- **Data excerpt**:
----------

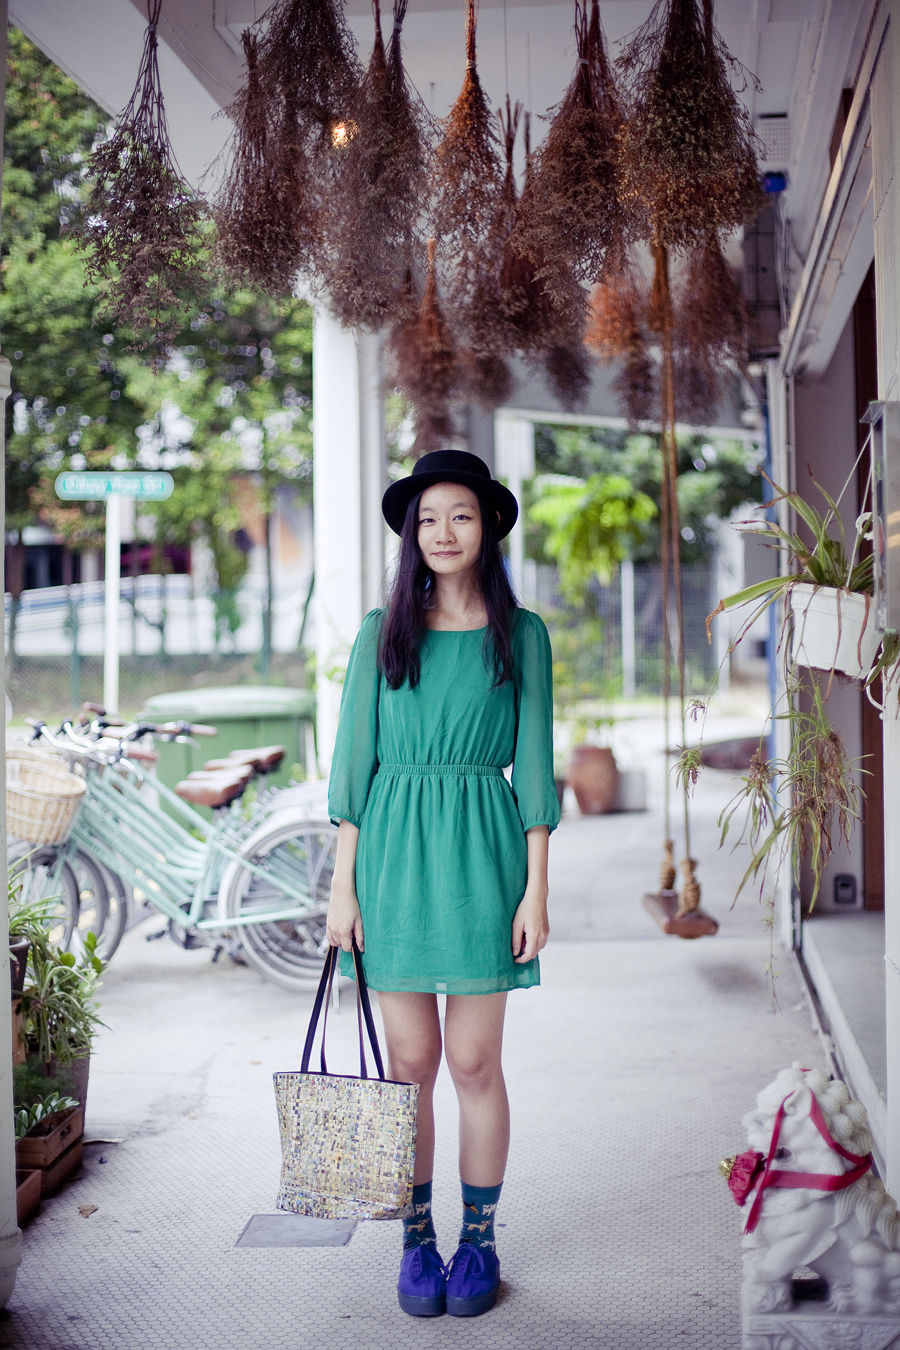 Outfit details: Forever 21 green chiffon dress, black Taobao hat, teal Taobao dog pattern socks, blue H&M platform shoes.
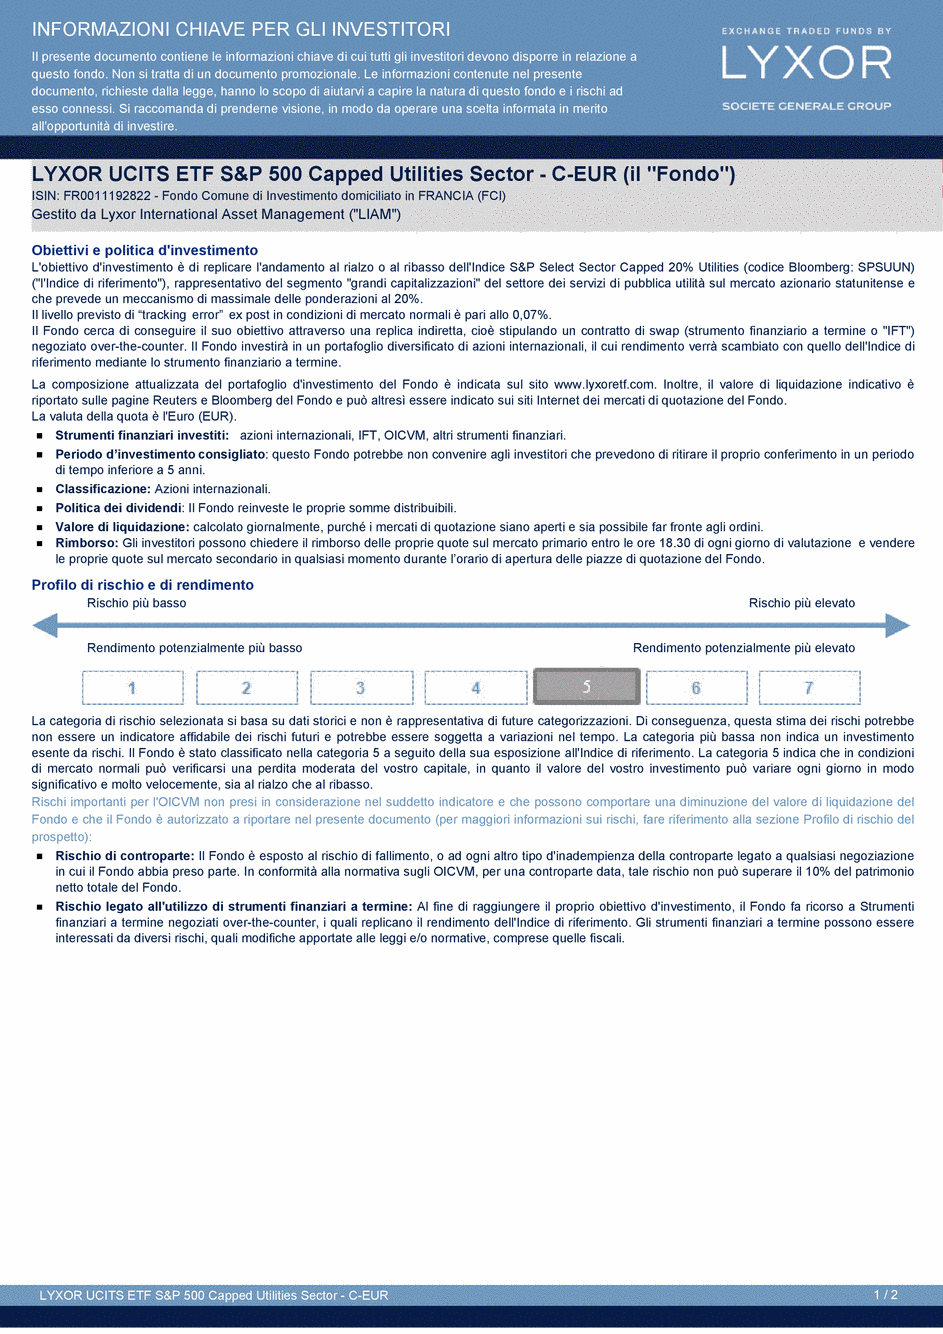 DICI LYXOR UCITS ETF S&P 500 CAPPED UTILITIES SECTOR PART C-USD - 15/09/2014 - Italien
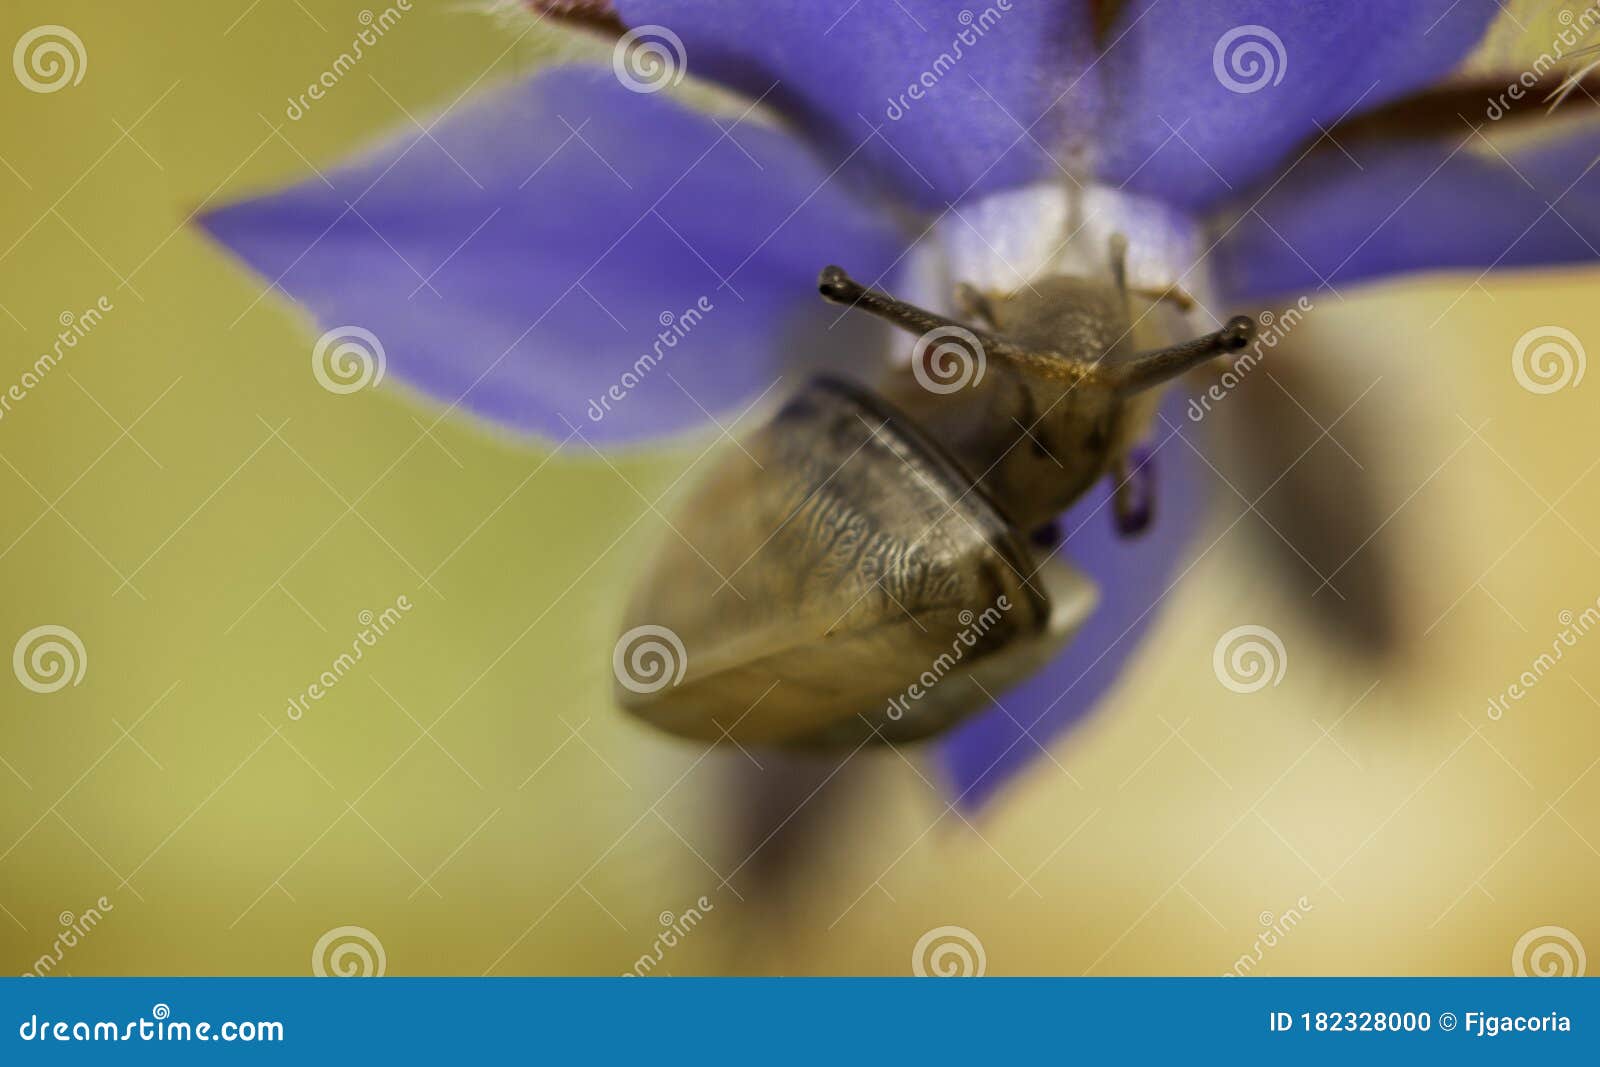 snail climbing up flower looking

----------

- **The task**: A faithful copy of all the lines above is needed, with the pictures omitted.

- **Answer to the exercise**:
 Outfit details: Forever 21 green chiffon dress, black Taobao hat, teal Taobao dog pattern socks, blue H&M platform shoes.
 DICI LYXOR UCITS ETF S&P 500 CAPPED UTILITIES SECTOR PART C-USD - 15/09/2014 - Italien
 snail climbing up flower looking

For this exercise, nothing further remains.